Source data>
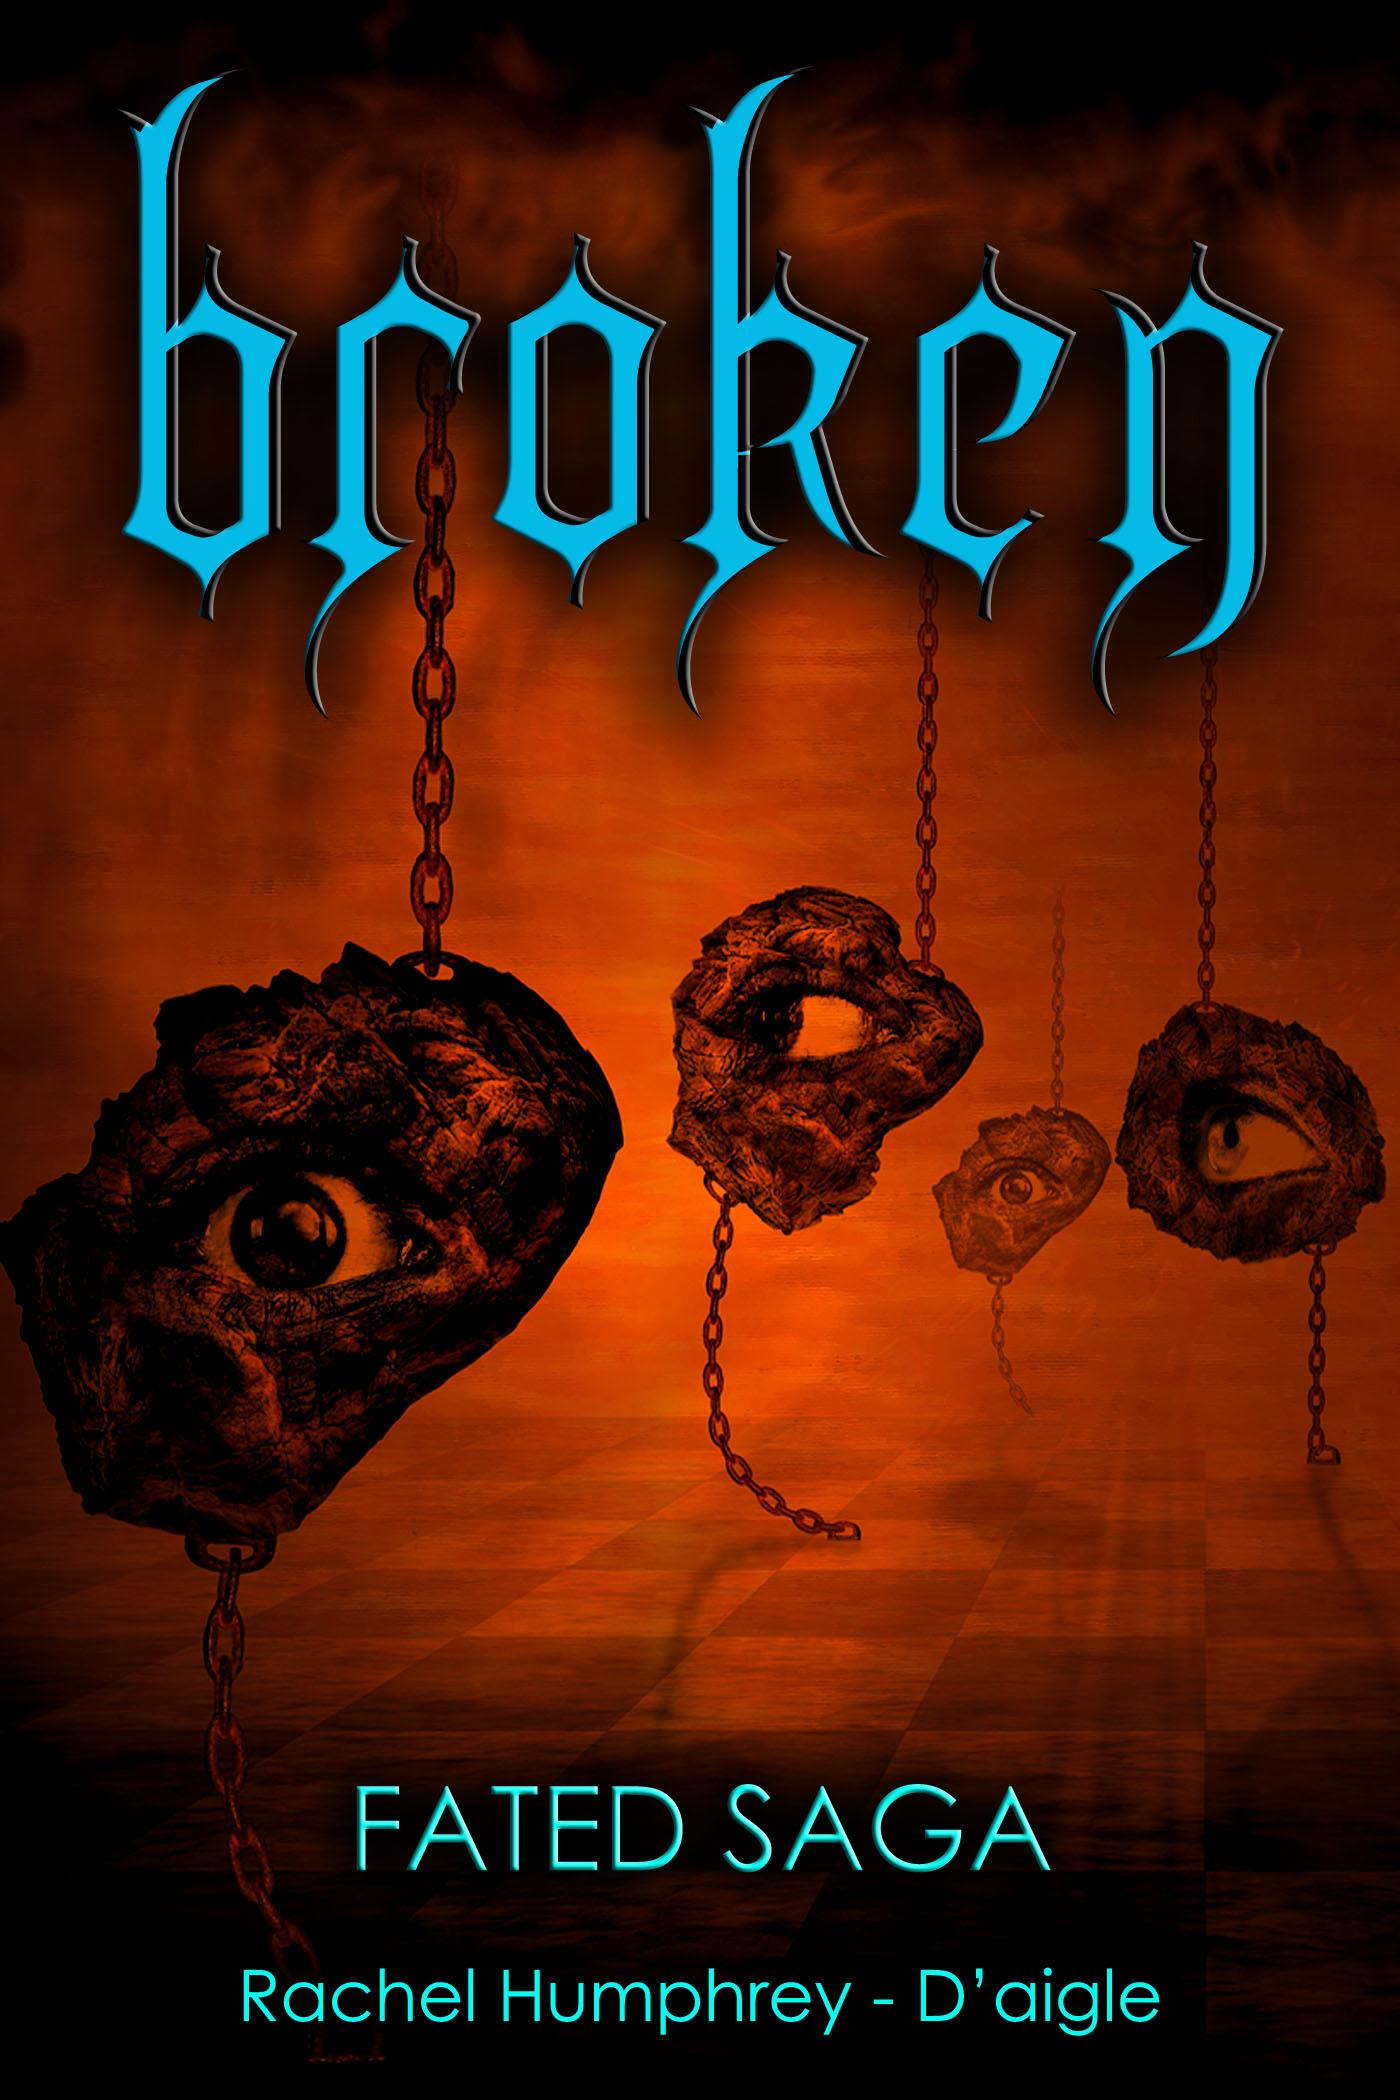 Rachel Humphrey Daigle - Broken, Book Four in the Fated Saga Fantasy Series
---
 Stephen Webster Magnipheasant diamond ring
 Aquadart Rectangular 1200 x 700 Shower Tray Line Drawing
==
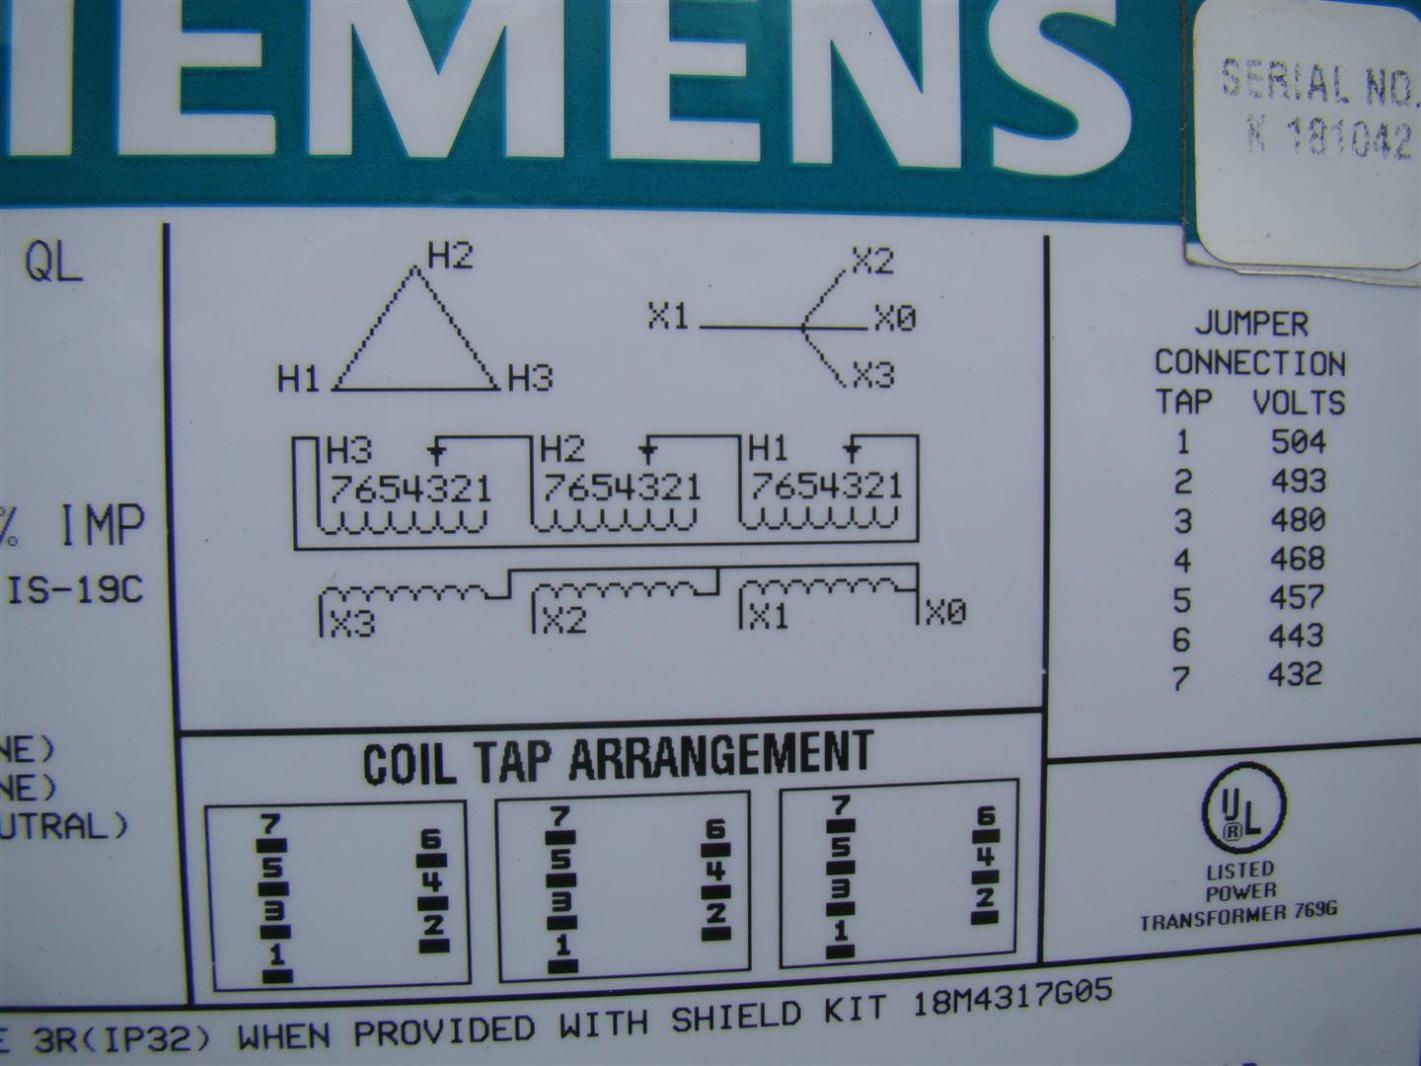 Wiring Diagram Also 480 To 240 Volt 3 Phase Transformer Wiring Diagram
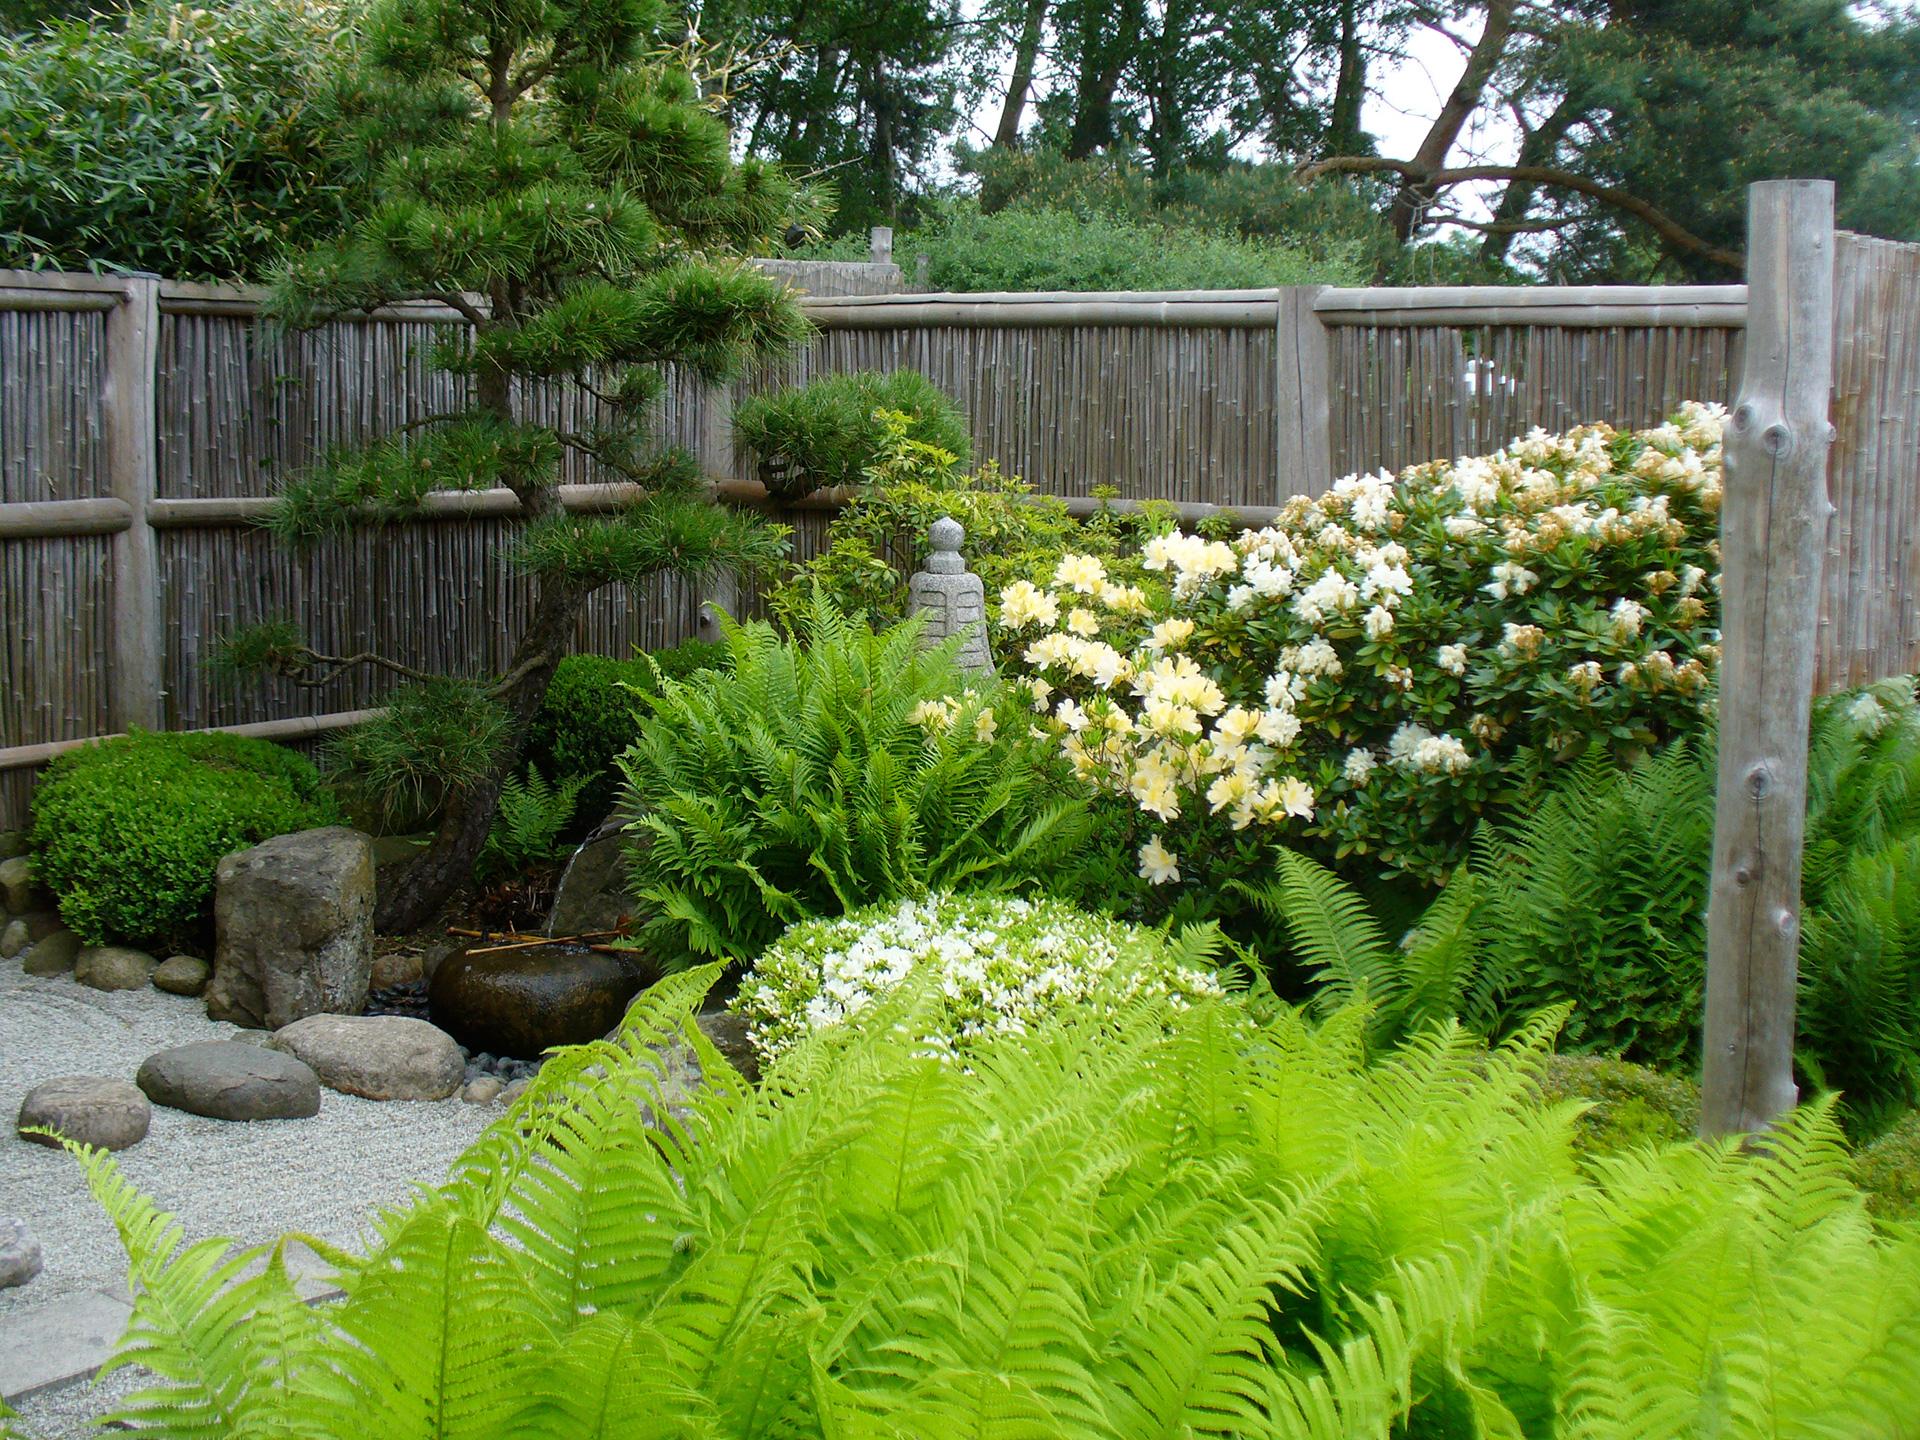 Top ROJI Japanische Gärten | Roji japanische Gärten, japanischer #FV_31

Work order> Reproduce the listing above from the line that holds "Wiring Diagram Also" through the line that holds "Top ROJI Japanische", both included, with the pictures left out.

Expected answer>
 Wiring Diagram Also 480 To 240 Volt 3 Phase Transformer Wiring Diagram
 Top ROJI Japanische Gärten | Roji japanische Gärten, japanischer #FV_31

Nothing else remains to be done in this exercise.